In such situations, you would make PDF copies of the accounts or other summary documents you wish to rely on and load them to the appropriate DCS documentary evidence case but, for the supporting documents, you would make only placeholder PDFs containing the text “this category of documents may be inspected on request” for each category/date range of transaction documents, like this:-

2009 Cheque stubs (can be inspected by arrangement)
2010 Cheque stubs (can be inspected by arrangement)
2011 Cheque stubs (can be inspected by arrangement)

2009 Invoices sent (can be inspected by arrangement)
2010 Invoices sent (can be inspected by arrangement)
2011 Invoices sent (can be inspected by arrangement)

and load them to the appropriate DCS documentary evidence case. The purpose of this is so that when a disclosure list is created from the PDF file names, at the forthcoming Disclosure of Documents stage, the groups of transaction documents are included on the list, so that they have been formally disclosed, so that you can rely on them at trial to the extent that it becomes necessary to do so.

For more information about how to handle summary and transaction documents see here.


If I do not disclose a document to the other side because I do not think it is relevant but, later on, it occurs to me that it is relevant, can I then disclose it late and still use it at the trial? 

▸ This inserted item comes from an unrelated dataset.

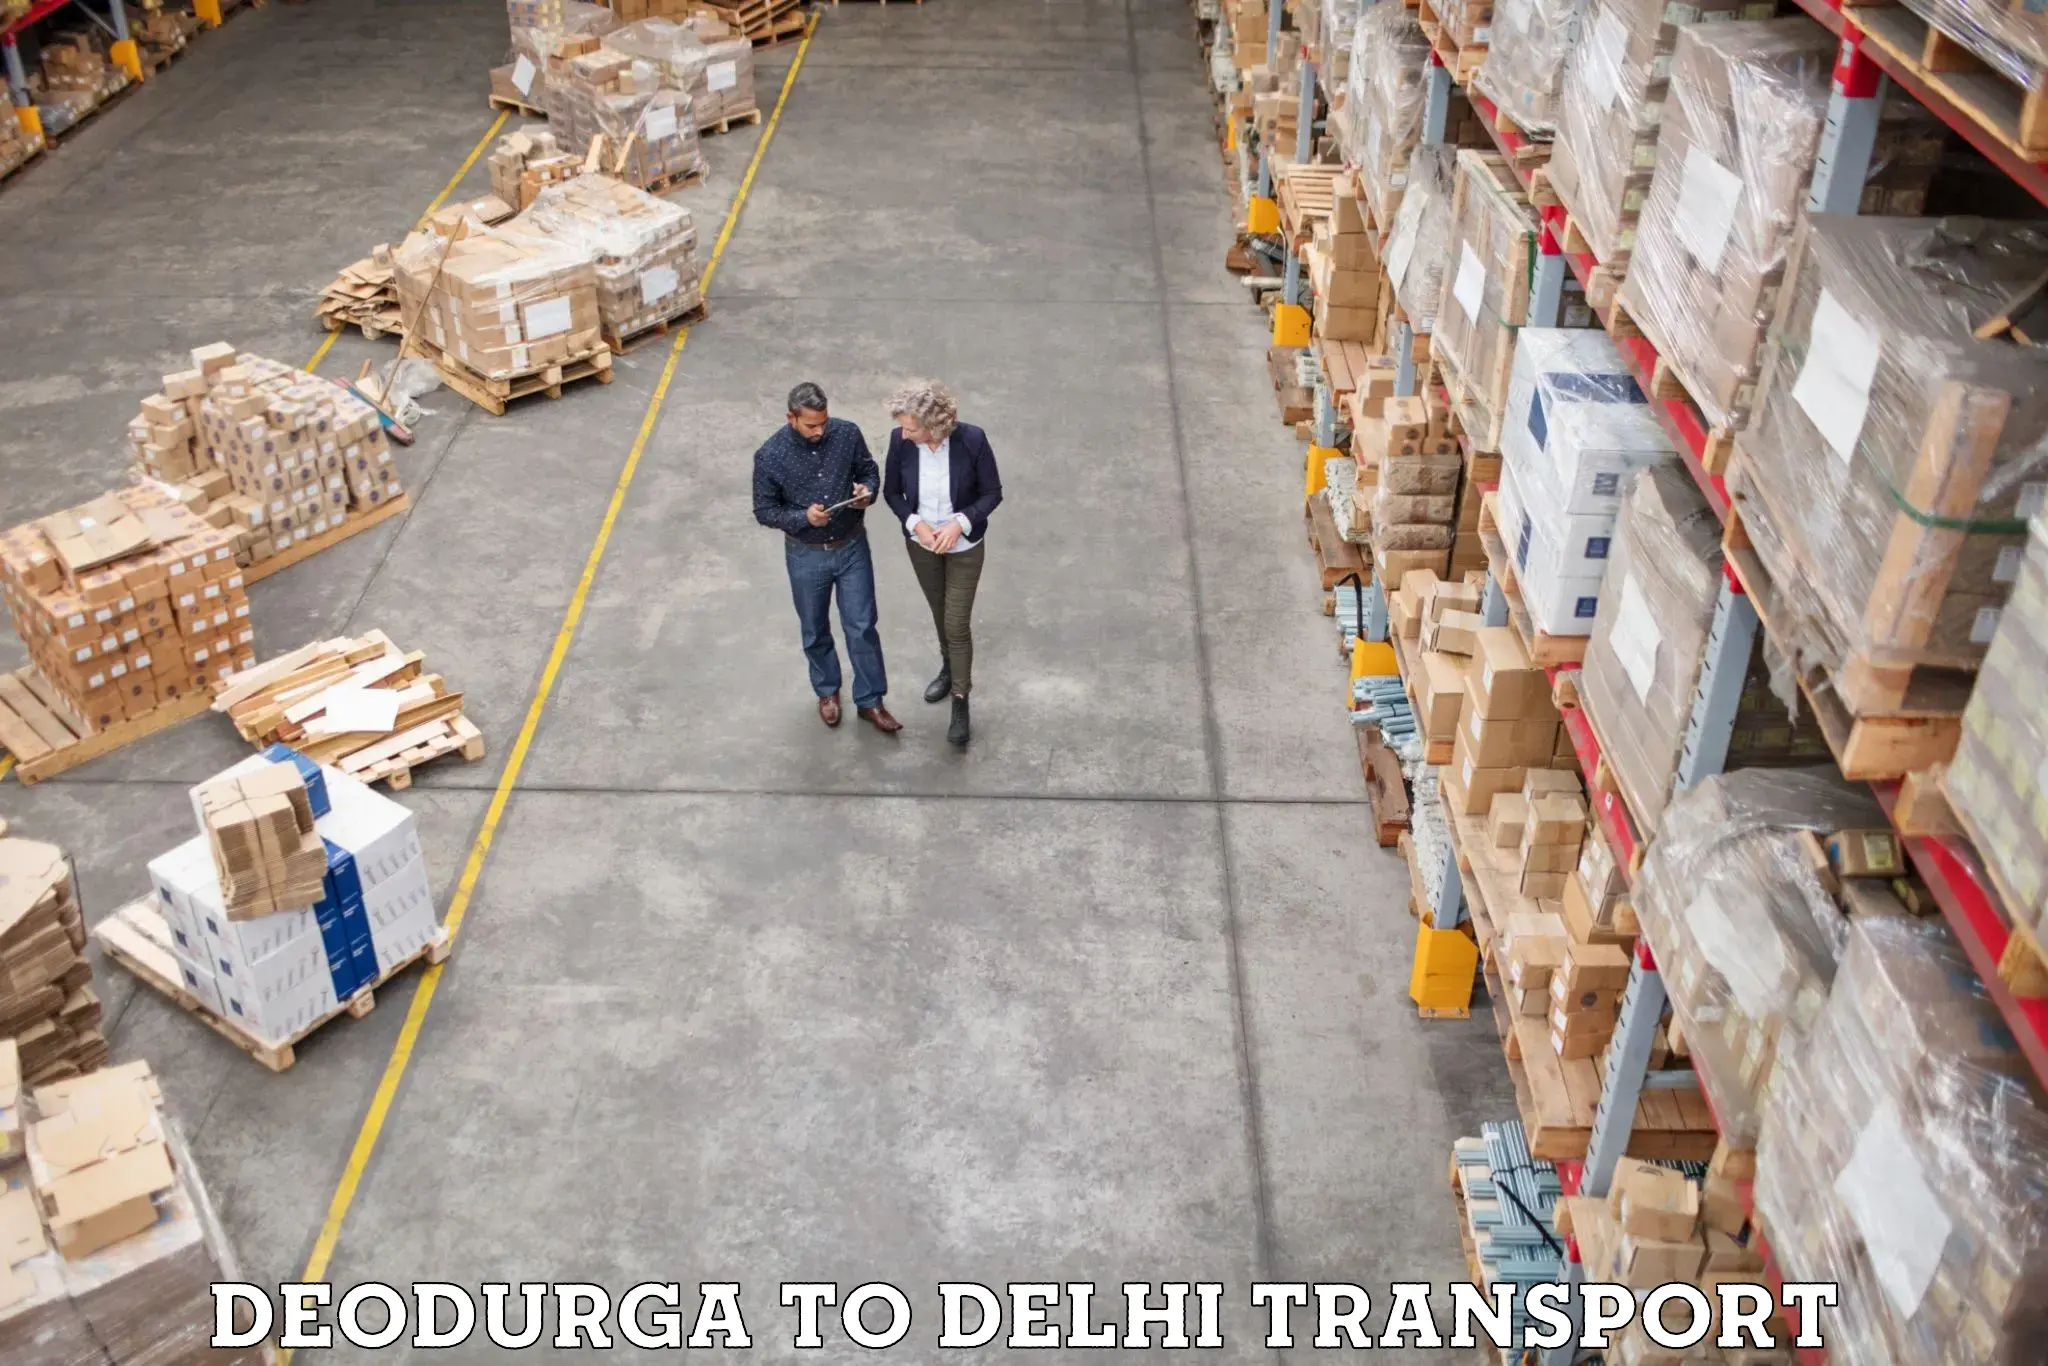 Road transport online services Deodurga to East Delhi

Generally No or, at least, not easily. Litigation is expensive and in order to try to limit expense, and be fair to both parties, the courts and tribunals set deadlines for various stages by which you have to indicate (1) what your pleaded case is (2) what evidential documents you will be relying on and (3) your witness evidence, and will not normally allow you to go back, after a deadline has been passed, and add to your pleaded case, or rely on additional evidential documents, or use additional witnesses. Exceptionally sometimes there are special circumstances - for example if a document only came into existance recently, so that it would have been impossible for you to have disclosed it earlier - in which the court/tribunal may give permission for a late-disclosed document to be used (and sometimes the other side will want to use the late disclosed document at trial in which case you can, of course, also rely on it) but you should not depend on your case being exceptional and you should do all you can to ensure that every document you might want to rely on is disclosed by the deadline ordered by the court/tribunal. This means that any research you want to carry out (e.g. searching public registers such as the Land Registry or Companies House) must be carried out before the court/tribunal ordered deadline for Disclosure of Documents.


Disclaimer

This information page is designed to be used only by clients of John Antell who have entered into an agreement for the provision of legal services. The information in it is necessarily of a general nature and is intended to be used only in conjunction with specific advice to the individual client about the individual case. This information page should not be used by, or relied on, by anyone else. 

The information on this page about specific computer techniques is provided for information purposes only. Every reasonable effort has been made to ensure that the information is accurate and up to date at the time it was written but no responsibility for its accuracy, or for any consequences of relying on it, is assumed by me. You should satisfy yourself, before using any of the techniques, software or services described, that the techniques are appropriate for your purposes and that the software or service is reliable.